2. The high voltage DC power supply of claim 1 , comprising at least one additional printed circuit board disposed between the first printed circuit board and the last printed circuit board.
3. The high voltage DC power supply of claim 1 , comprising at least one additional grading ring disposed between the first of the plurality of grading rings and the last of the plurality of grading rings.
4. The high voltage DC power supply of claim 1 , wherein a voltage generated by each voltage multiplier circuit is the same.
5. The high voltage DC power supply of claim 1 , further comprising an AC power supply in communication with the primary winding, and a feedback system in communication with the AC power supply.
6. The high voltage DC power supply of claim 5 , wherein the voltage across the low voltage resistor is used by the feedback system to control an output of the AC power supply.
7. The high voltage DC power supply of claim 6 , wherein a measurement error associated with the voltage across the low voltage resistor is reduced by a factor of at least 3, as compared to an embodiment wherein the plurality of grading rings are not employed.
8. The high voltage DC power supply of claim 1 , wherein at least one of the plurality of stacked printed circuit boards comprises more than one voltage multiplier circuit.
9. The high voltage DC power supply of claim 1 , wherein the voltage multiplier circuit comprises a voltage doubler circuit.
10. The high voltage DC power supply of claim 9 , wherein the voltage doubler circuit comprises:
a capacitor string, comprising a plurality of capacitors arranged in series, wherein a negative end of a first capacitor in the capacitor string is at the lower voltage and a positive end of a last capacitor in the capacitor string is at the high voltage output; and
a diode string, comprising a plurality of diode arranged in series, wherein an anode of a first diode in the diode string is connected to the lower voltage and a cathode of a last diode in the diode string is connected to the high voltage output; wherein the first end of the secondary winding is electrically connected to a midpoint of the capacitor string and the second end of the secondary winding is electrically connected to a midpoint of the diode string.

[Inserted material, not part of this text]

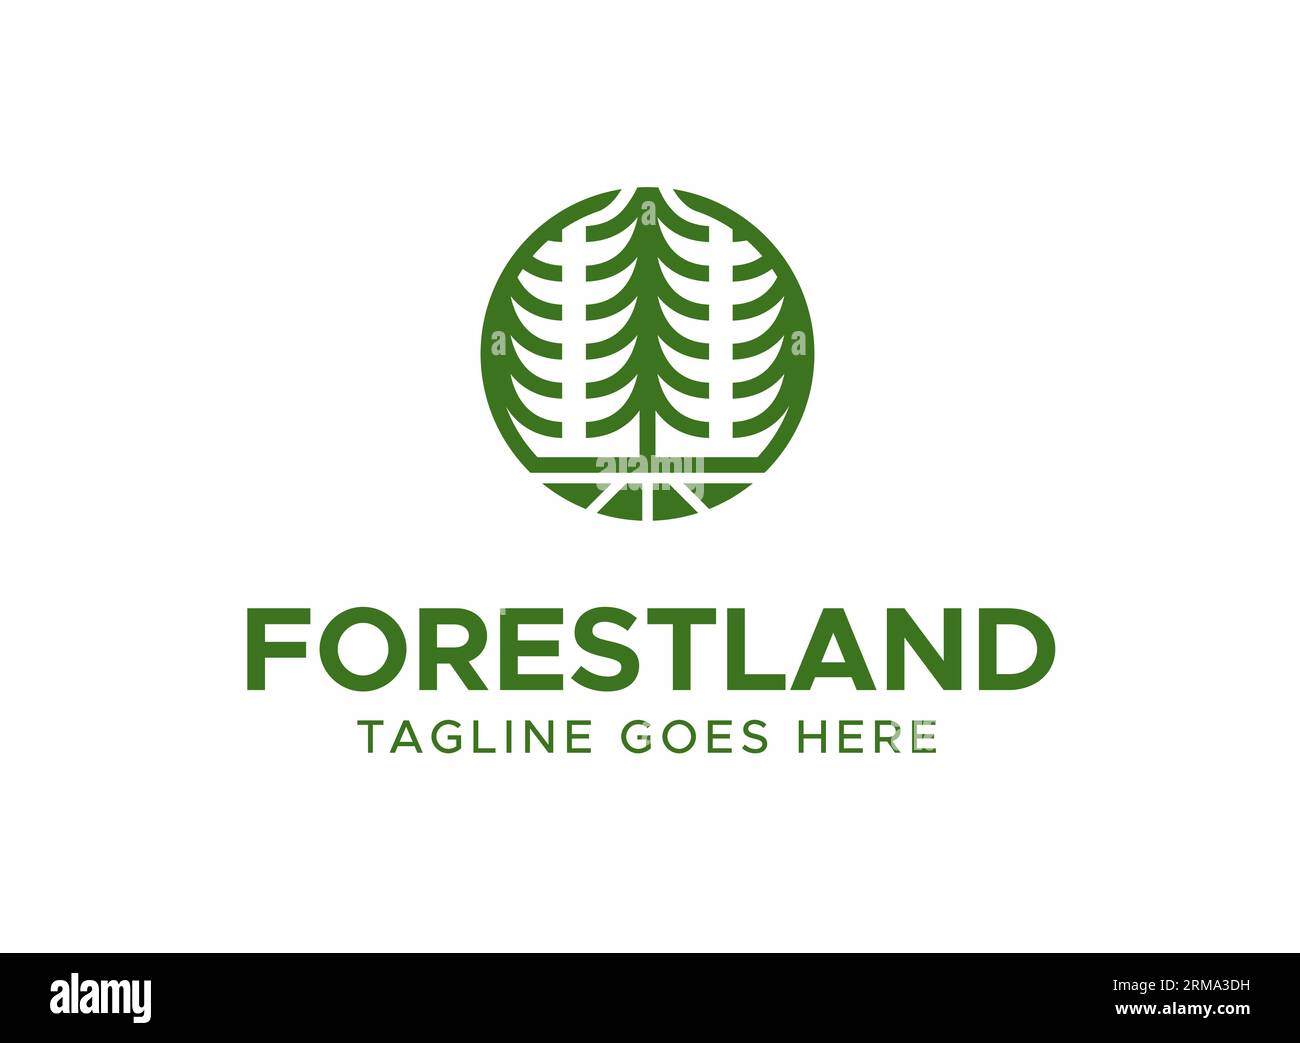 Looking for a logo that embodies the spirit of the great outdoors? Look no further than our Forest Land Pine Tree Outdoor Logo! Featuring a sleek Stock Vector

11. The high voltage DC power supply of claim 1 , wherein each printed circuit board comprises at least one additional secondary winding, having a first end and a second end; and
wherein the voltage multiplier circuit comprises:
a plurality of low voltage doubler circuits, arranged in series, to form the voltage multiplier circuit having the lower voltage at a first end and the high voltage output at a second end, wherein each low voltage doubler circuit comprises a positive end and a negative end and comprises a first capacitor and a second capacitor arranged in series and a first diode and a second diode arranged in series, wherein a positive end of the first capacitor is electrically connected to a cathode of the first diode and comprises the positive end of the low voltage doubler circuit, and a negative end of a second capacitor is electrically connected to an anode of the second diode and comprises the negative end of the low voltage doubler circuit, wherein a first end of a respective secondary winding is electrically connected to a trace connecting the first capacitor and the second capacitor, and the second end of the respective secondary winding is electrically connected to a trace connecting the first diode and the second diode.

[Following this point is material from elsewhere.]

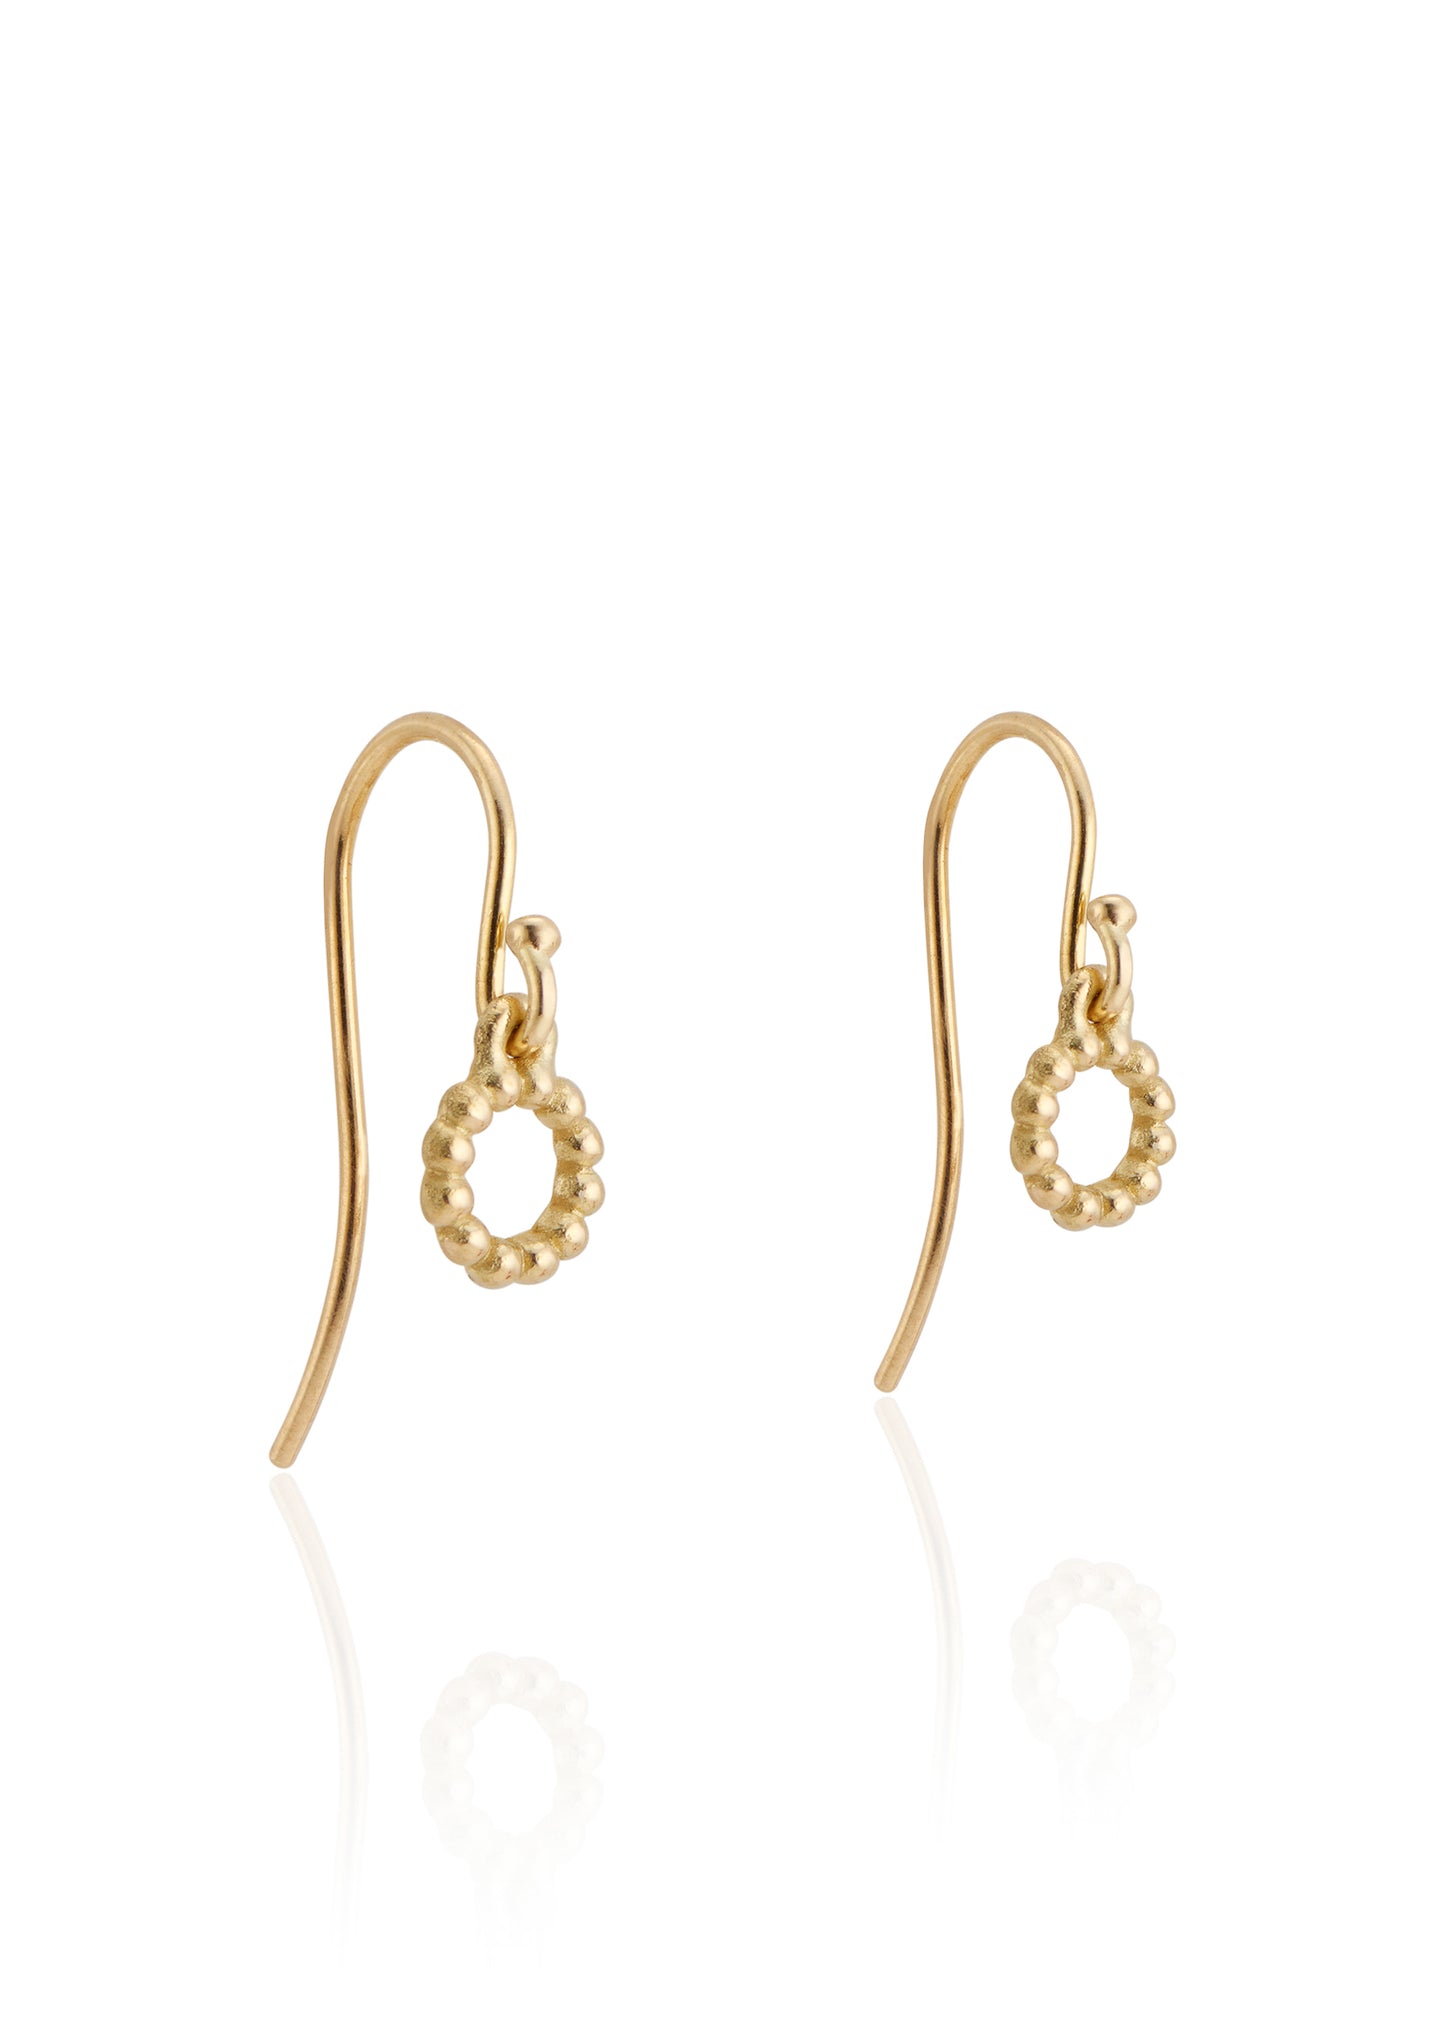 With a classic and understated aesthetic, the Orb earring showcases hand-carved gold beads joined in a perfect ring—a delicate design as timeless as the infinite circle itself.

12. A high voltage DC power supply for generating a DC voltage, comprising:
a primary winding;
a plurality of stacked printed circuit boards, including a first printed circuit board and a last printed circuit board, each printed circuit board comprising:
a secondary winding, having a first end and a second end; and
a voltage multiplier circuit, in communication with the secondary winding and having a high voltage output and a lower voltage; wherein the high voltage output of a first printed circuit board is in communication with the lower voltage of an adjacent second printed circuit board and the high voltage output of the last printed circuit board comprises the DC voltage; and
a plurality of grading rings surrounding the plurality of stacked printed circuit boards, wherein a last of the plurality of grading rings is in communication with the DC voltage; and high voltage resistors are disposed between adjacent grading rings to form a voltage divider, wherein a first of the plurality of grading rings is connected to ground.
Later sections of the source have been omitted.